Stored data =>
________

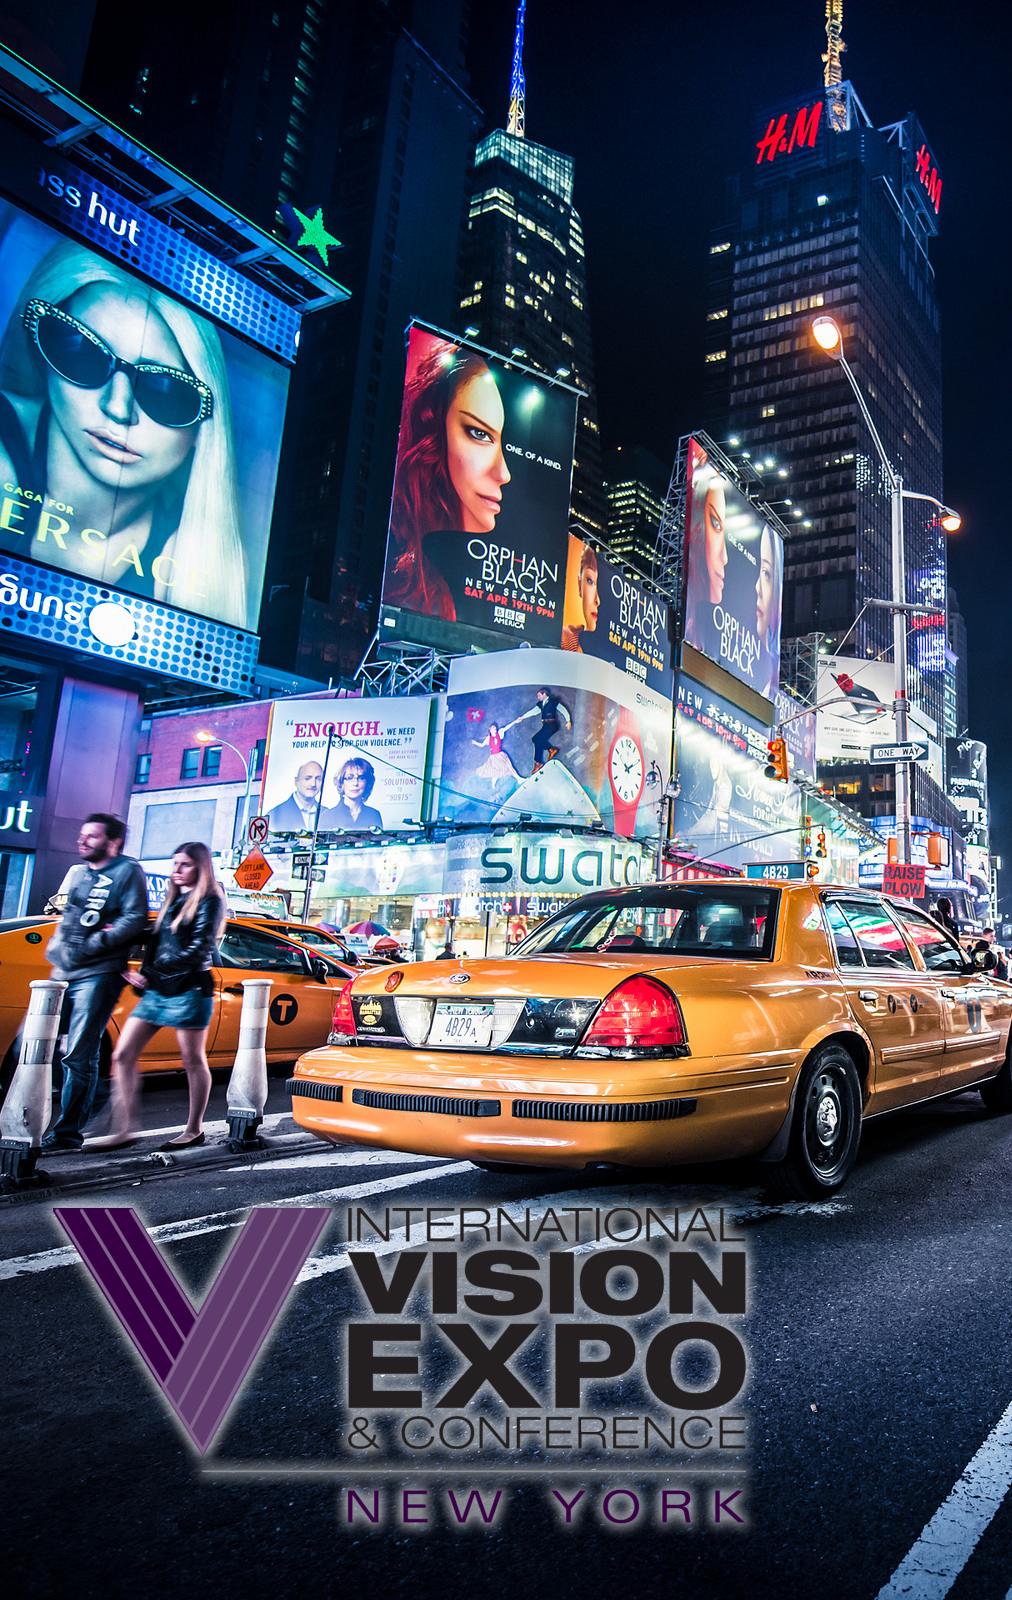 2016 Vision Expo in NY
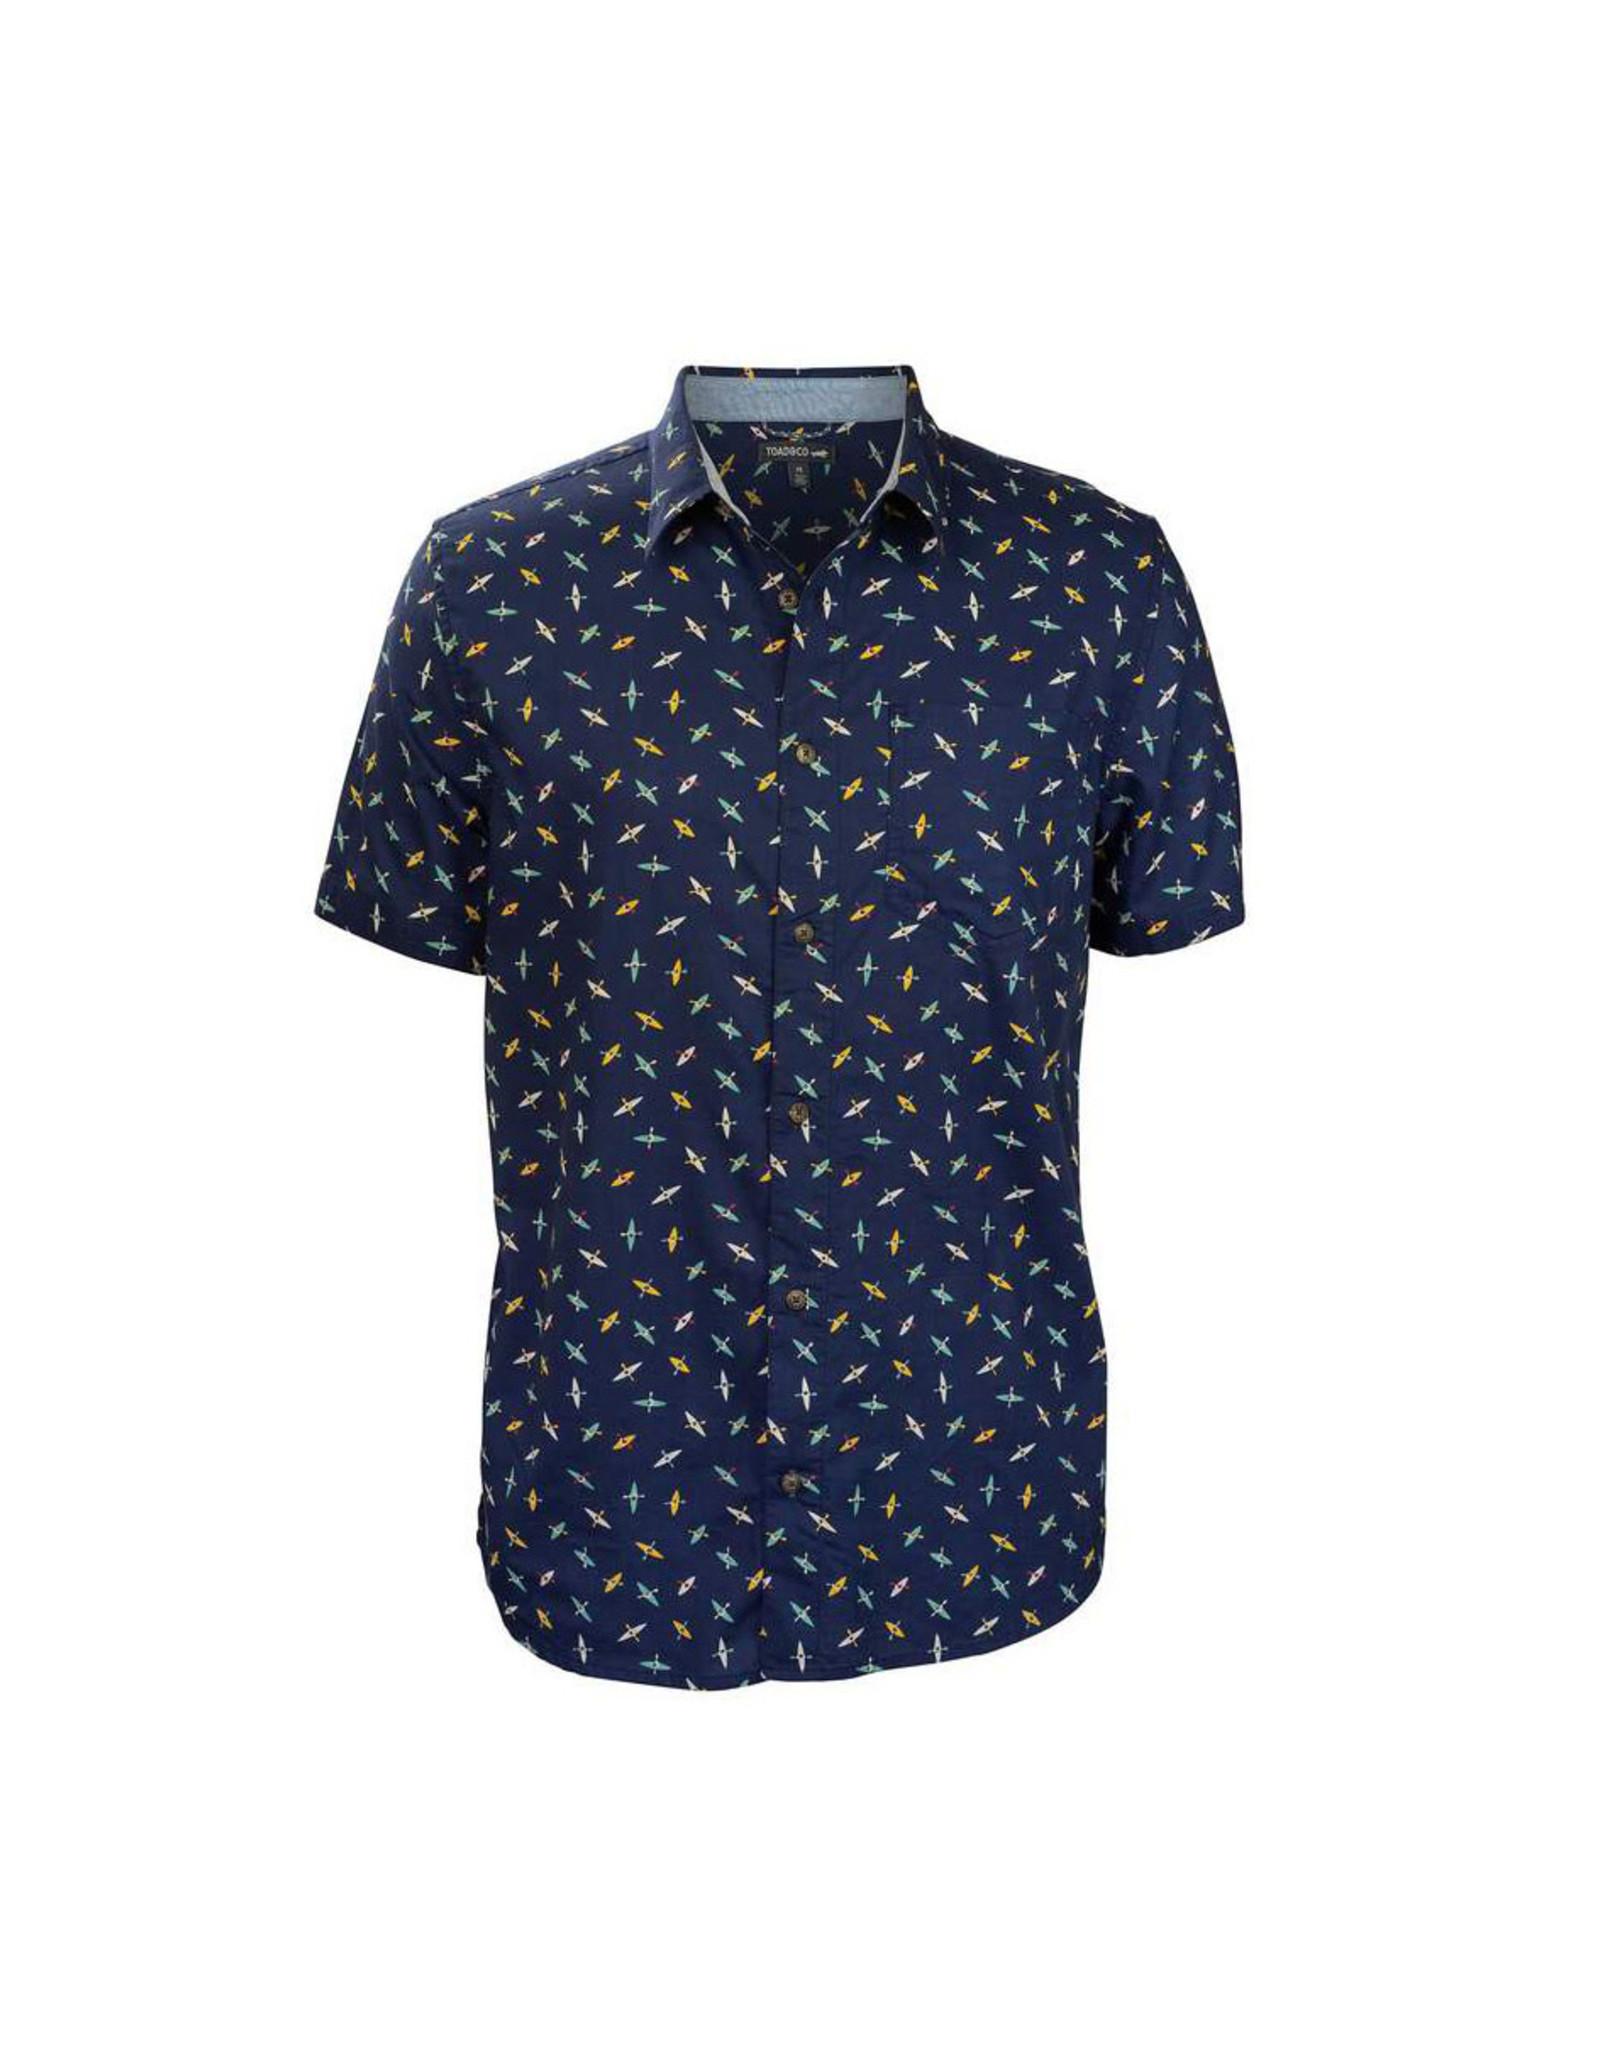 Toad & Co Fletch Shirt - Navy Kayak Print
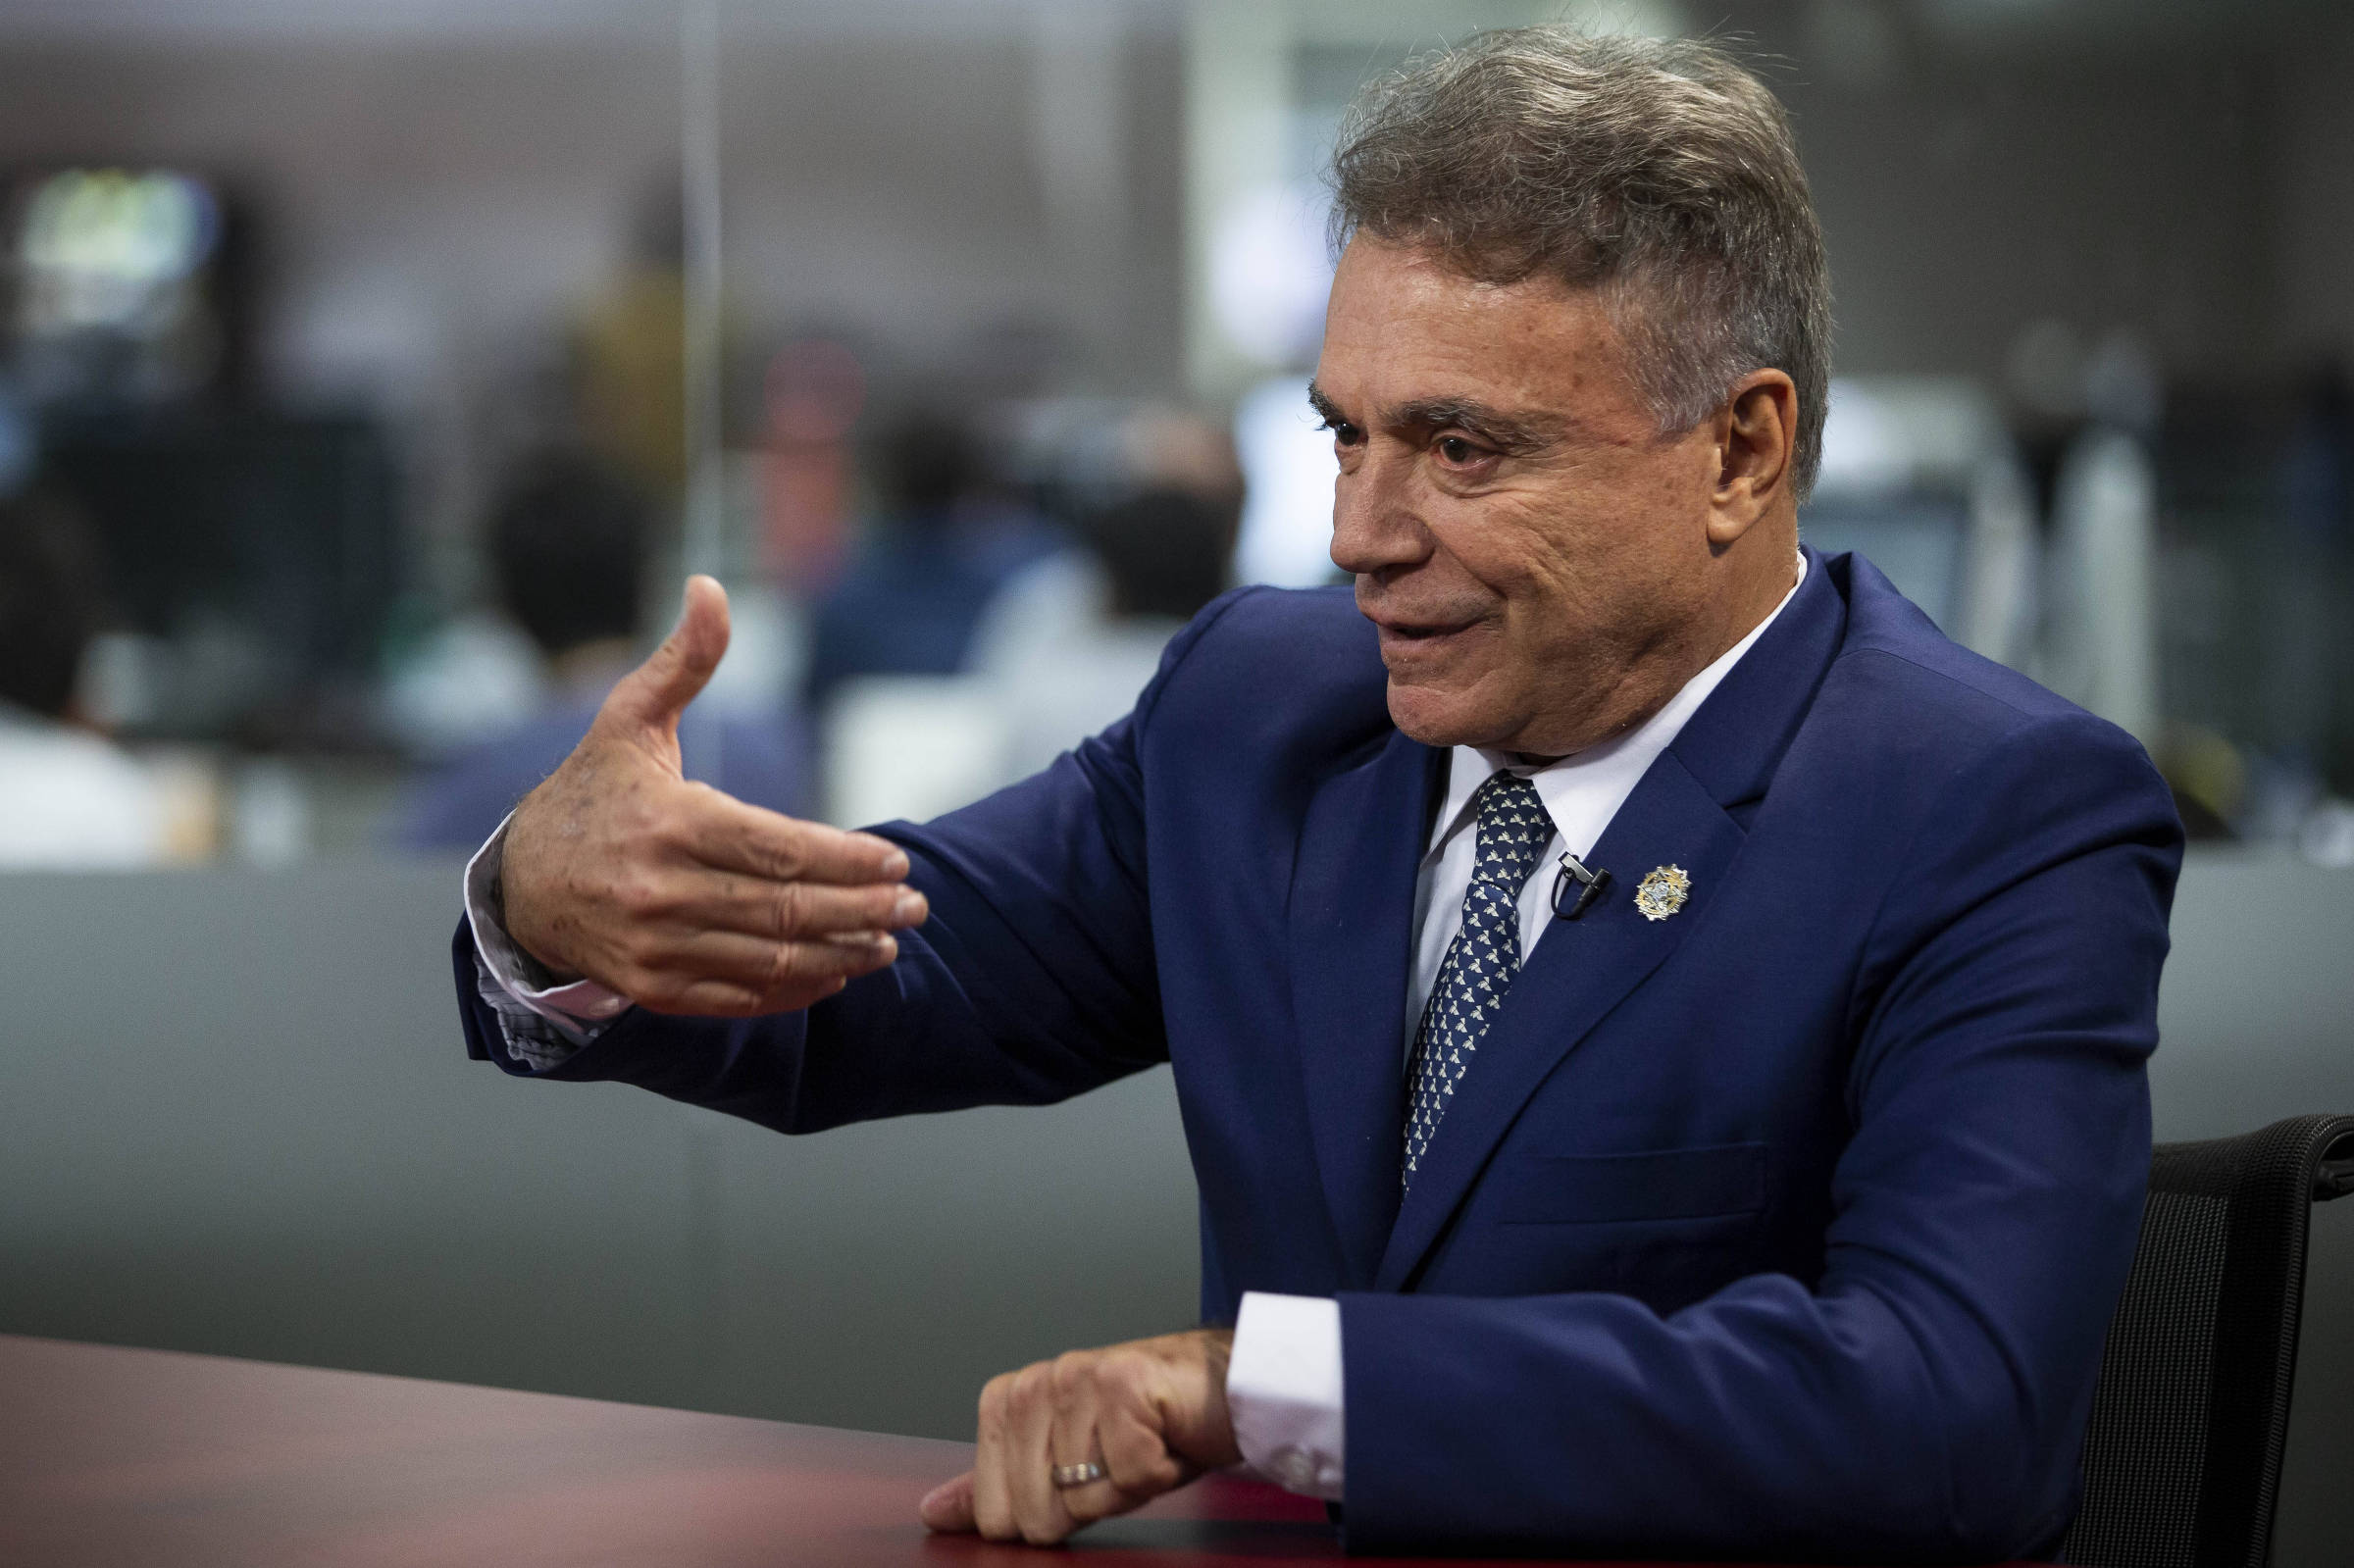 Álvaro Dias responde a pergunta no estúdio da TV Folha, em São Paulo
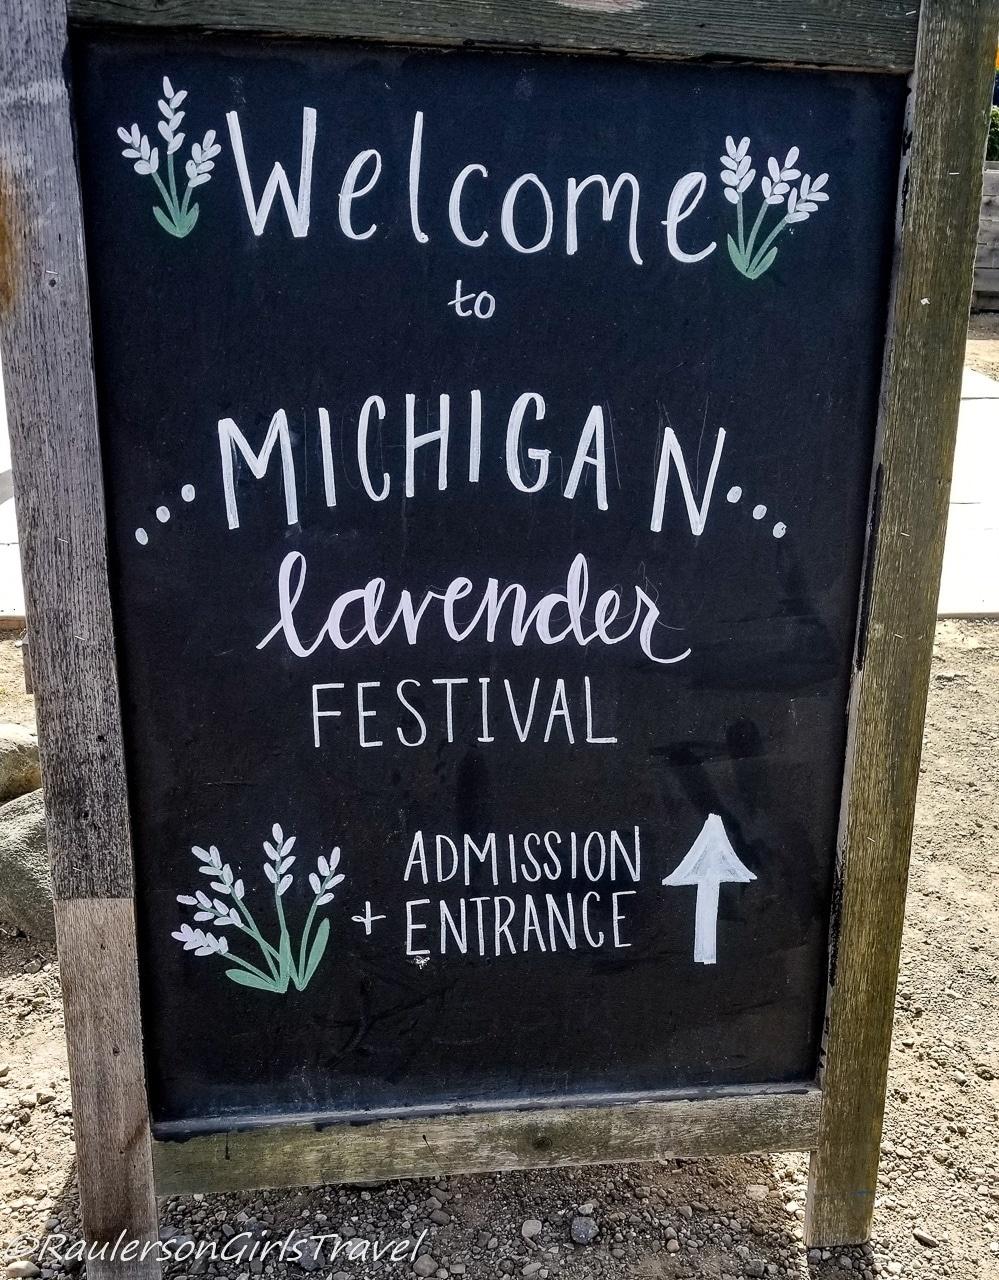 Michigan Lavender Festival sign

________

The lines running from the one with "Toad & Co Fletch Shirt - Navy Kayak Print" to the close of the material above are to be retyped exactly; no picture is to be included.

Result of the exercise =>
 Toad & Co Fletch Shirt - Navy Kayak Print
 Álvaro Dias responde a pergunta no estúdio da TV Folha, em São Paulo
 Michigan Lavender Festival sign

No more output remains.